Efficient B-mode Ultrasound Image Reconstruction from Sub-sampled RF Data using Deep Learning
This addresses the need for efficient image reconstruction in ultrasound systems with limited measurements, though it appears incremental as it builds on deep learning for a known bottleneck.
The paper tackles the problem of reconstructing high-quality B-mode ultrasound images from sub-sampled RF data, which causes blurry images with artifacts in portable and fast imaging systems. The proposed deep learning method reduces the data rate without sacrificing image quality, as confirmed by experimental results.
In portable, three dimensional, and ultra-fast ultrasound imaging systems, there is an increasing demand for the reconstruction of high quality images from a limited number of radio-frequency (RF) measurements due to receiver (Rx) or transmit (Xmit) event sub-sampling.

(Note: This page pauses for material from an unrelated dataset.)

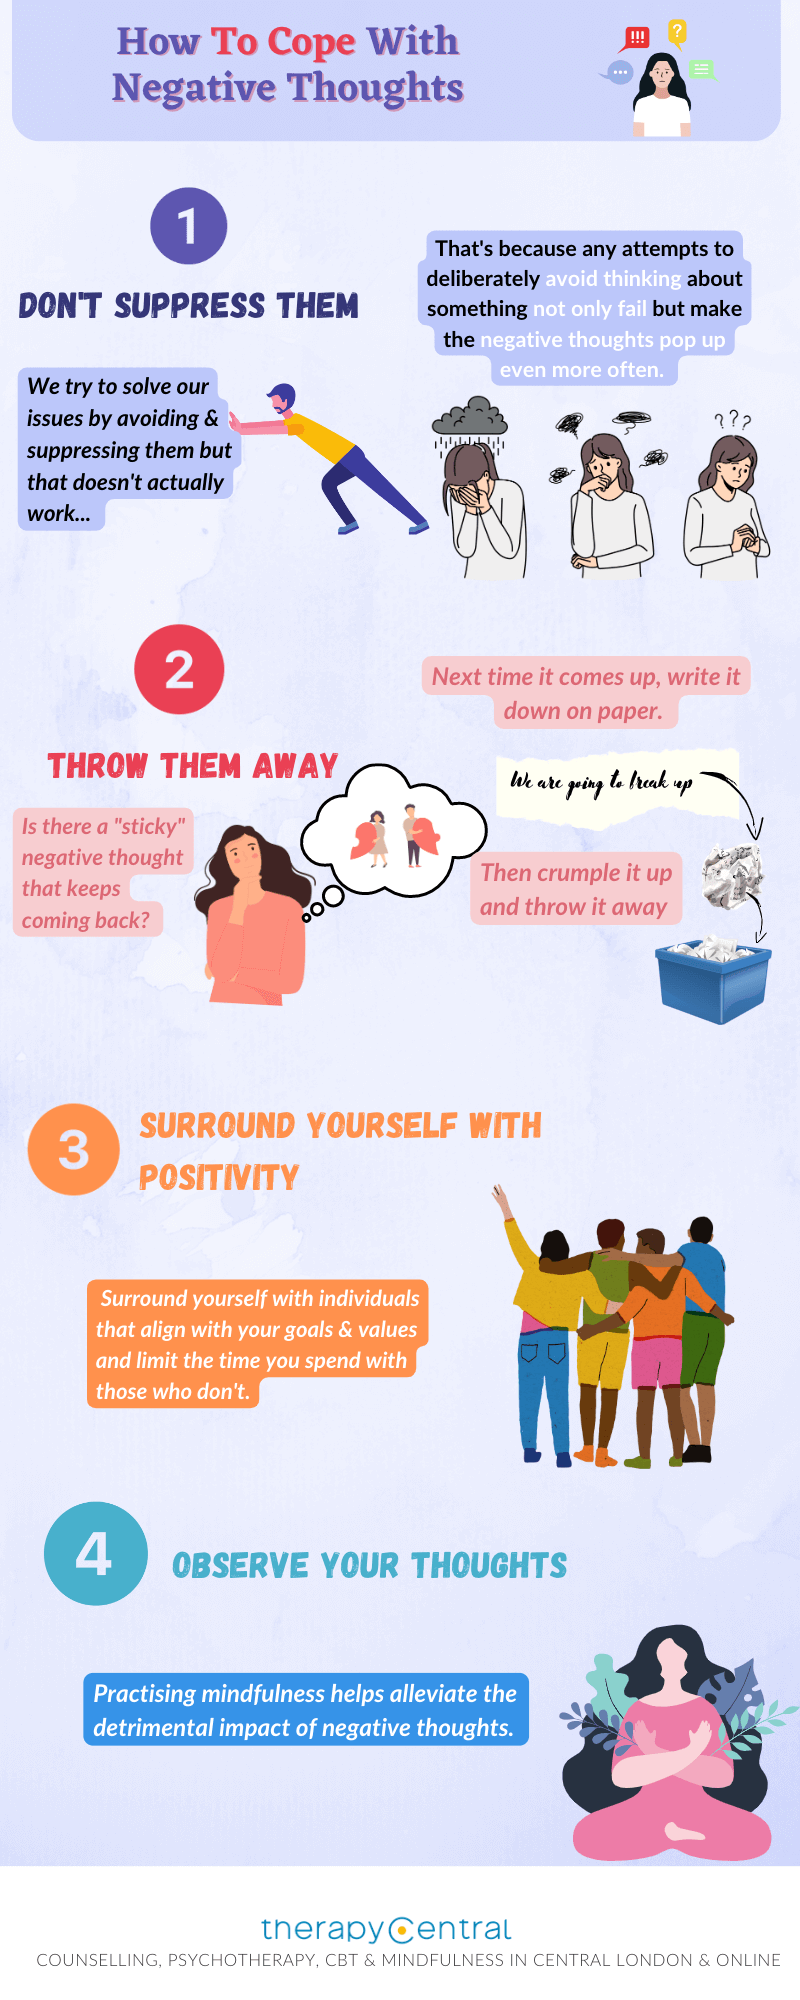 How To Cope With Negative Thoughts

However, due to the presence of side lobe artifacts from RF sub-sampling, the standard beamformer often produces blurry images with less contrast, which are unsuitable for diagnostic purposes. Existing compressed sensing approaches often require either hardware changes or computationally expensive algorithms, but their quality improvements are limited. To address this problem, here we propose a novel deep learning approach that directly interpolates the missing RF data by utilizing redundancy in the Rx-Xmit plane. Our extensive experimental results using sub-sampled RF data from a multi-line acquisition B-mode system confirm that the proposed method can effectively reduce the data rate without sacrificing image quality.